Ma vedete, lo stupido Samir avrebbe dovuto evitare di mettermi la pulce nell'orecchio.

Adesso mi ha lasciato qui, sola, con l'ansia di essere osservata. La gente, gli sguardi addosso, la certezza di essere giudicata mi chiude la gola. E lo so, non sto facendo niente, ma anche il non fare niente è un argomento di discussione.

«Guarda quella sfigata» penseranno, «se ne sta ai margini della società e se non c'è il suo amichetto non muove un passo».

Non voglio fare i capricci e tirargli la sottana come fosse la mia balia: anche lui ha il diritto di divertirsi senza preoccuparsi di nient'altro, nonostante la sua lontananza mi faccia sentire ancor più vulnerabile.

Avanti così, l'attacco di panico mi verrà di sicuro e Sam sarà troppo distratto per accorgersene e io rimarrò con due opzioni: andargli a tirare la sottana o morire da sola.

Alla fine, quando noto che il battito sta accelerando troppo, mi avvicino al tavolo con le bevande per aprirmi una birra. Non sento di averne bisogno, ma è l'unica scappatoia a cui riesco a pensare, soprattutto perché in questo stato è già tanto che io riesca a pensare.
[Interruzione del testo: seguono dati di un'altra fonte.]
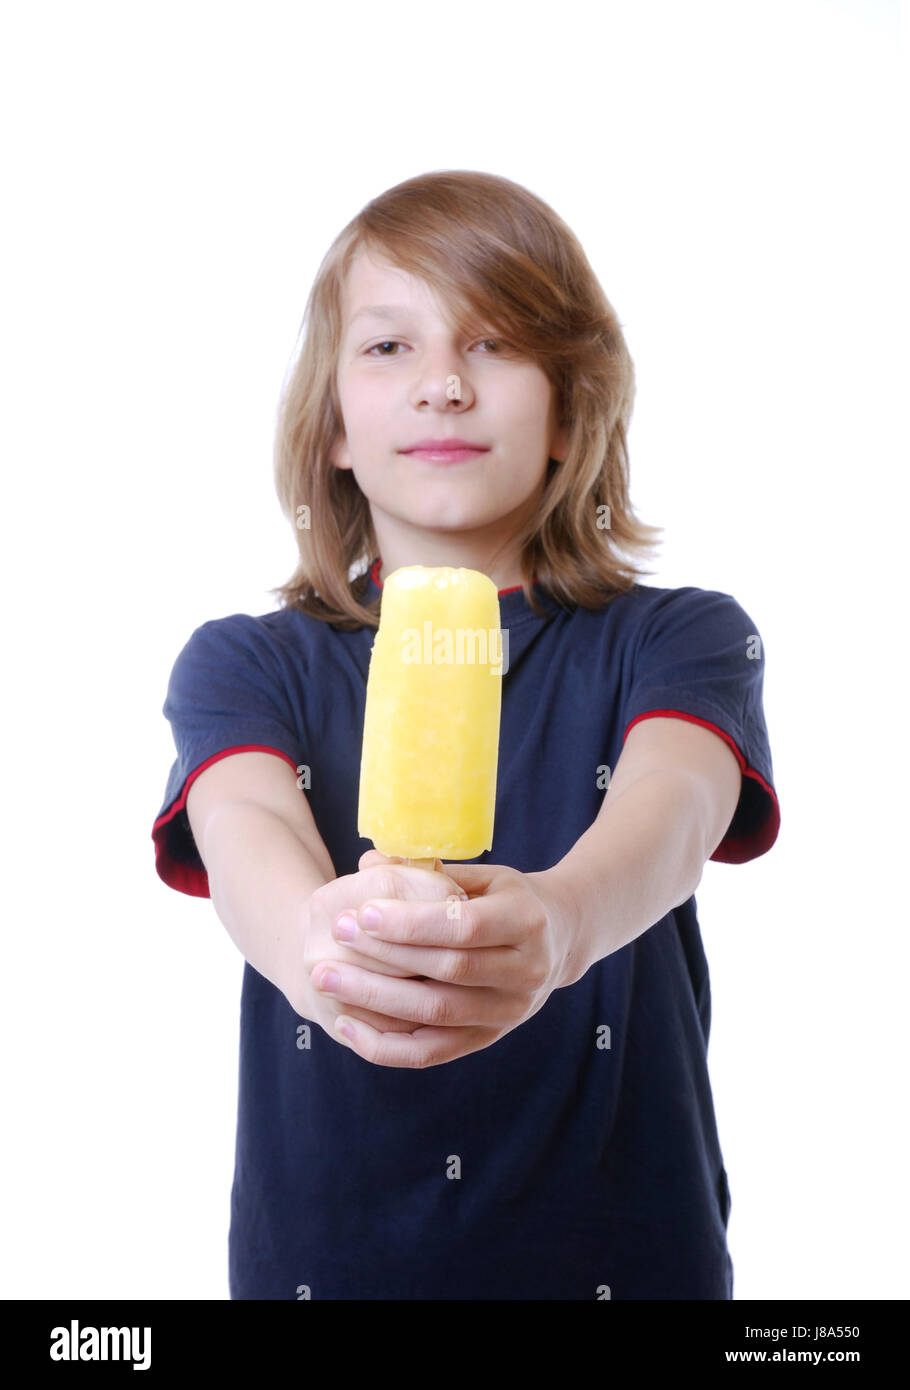 Eis Eis Eis Dessert Jung Junge Kind Eis Am Stiel Stockfotografie Alamy

Anche se, appena poso il cavatappi, sull'estremità della bottiglia scopro che le dita mi stanno già tremando.

«Serve una mano?»

La voce è sconosciuta, ma l'ombra proiettata dal suo fisico non lascia molto spazio alla fantasia. Mi volto, per poi incontrare due iridi azzurre incastrate in un viso più delineato di quello dei miei coetanei.

Non rispondo, ma passo direttamente bottiglia e cavatappi nelle mani del fratello di Filo. Lui fa un'espressione eloquente, per poi posare l'utensile e servirsi solo dei denti per stappare la bevanda. Un unico gesto che però ha alle spalle mille potenziali letterature. È un personaggio da fiaba, si vede subito.

«Ecco a te» si compiace mentre mi passa la bottiglia.

Il mio modo per ringraziare è ruotarla all'ingiù e assimilare due bei sorsi di incoraggiamento. O questo o la morte, non è che abbia molta scelta.